Sensível à beleza da criação S. João da
Cruz canta assim: «Ó bosques e espessuras, / plantados pela mão do meu
Amado, / dizei-me se por vós terá passado»... Há na natureza algo da beleza
de Deus. E quem passa pela natureza como que passa a caminho dAquele que por
ela primeiro passou vestindo-a de formosura, Deus! A natureza é assim espelho
da Sua beleza e possibilidade de bem nos caminharmos para Ele. Daí que menos se
percebam as agressões de que ela é vítima...
Retiro
O primeiro domingo da Quaresma fala do
retiro de Jesus antes da sua vida pública. Foram quarenta dias e quarenta
noites de deserto, de solidão! É extraordinário como o retiro está de novo na
moda! Novos e velhos não resistem ao apelo e retiram-se do bulício do dia a
dia, e às vezes do de fim de semana que não é menor. Os retiros dos velhos não
são como os dos novos. Os primeiros são mais certinhos, mais calmos, mais
ponderados, mais atentos, mais sintonizados. Os segundos são também
interessantes, levantam mais interrogações, explodem em energia, convicções e
generosidade. Não prefiro uns ou outros, ambos têm a sua beleza.

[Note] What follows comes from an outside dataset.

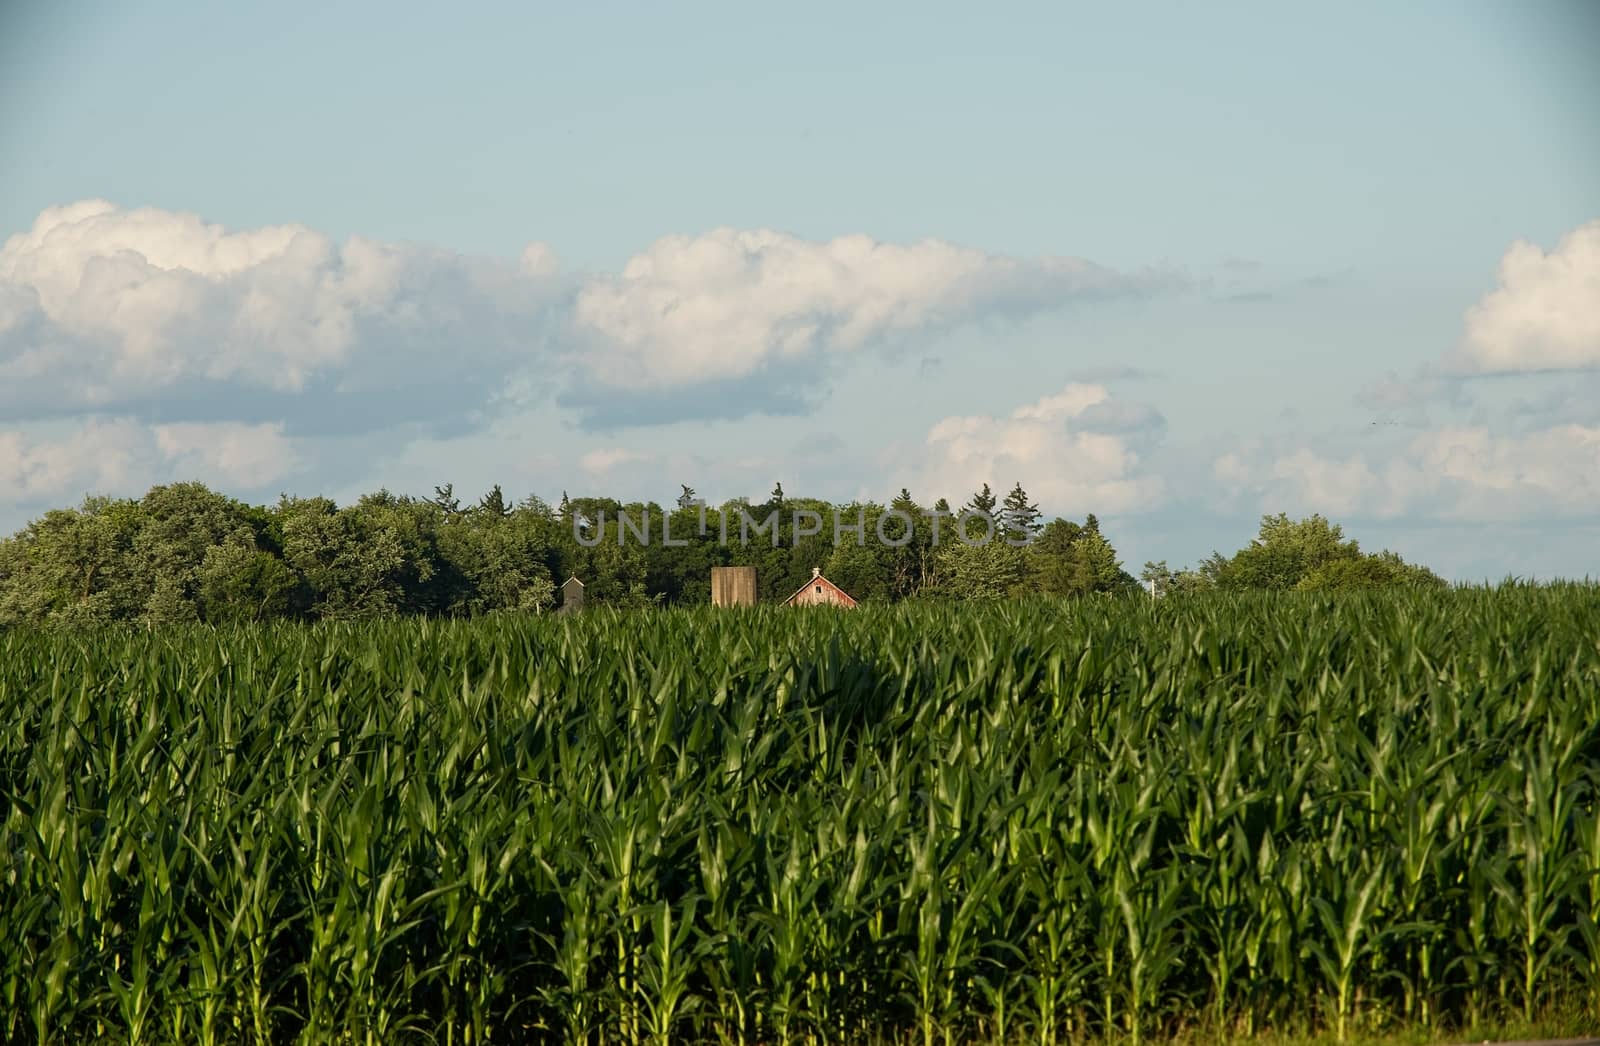 This is a vintagbarn and silo at the opposite end of a corn field on a summer's day.

Porém, outro tipo de retiros começa a
ganhar terreno. São os retiros de silêncio. Durante um fim de semana
desligam-se os telemóveis, os televisores e telefonias, a internet e os
jornais... Não se fala, ouve-se. Não se comenta, silencia-se. Não se aprende,
abre-se o coração.
A Laurinda Alves, na última Xis fala
disso. Diz que são retiros que roçam a poesia e que curam! Ajudam a ouvir-nos e
a entender-nos; separam o principal do acessório e são de uma força tremenda!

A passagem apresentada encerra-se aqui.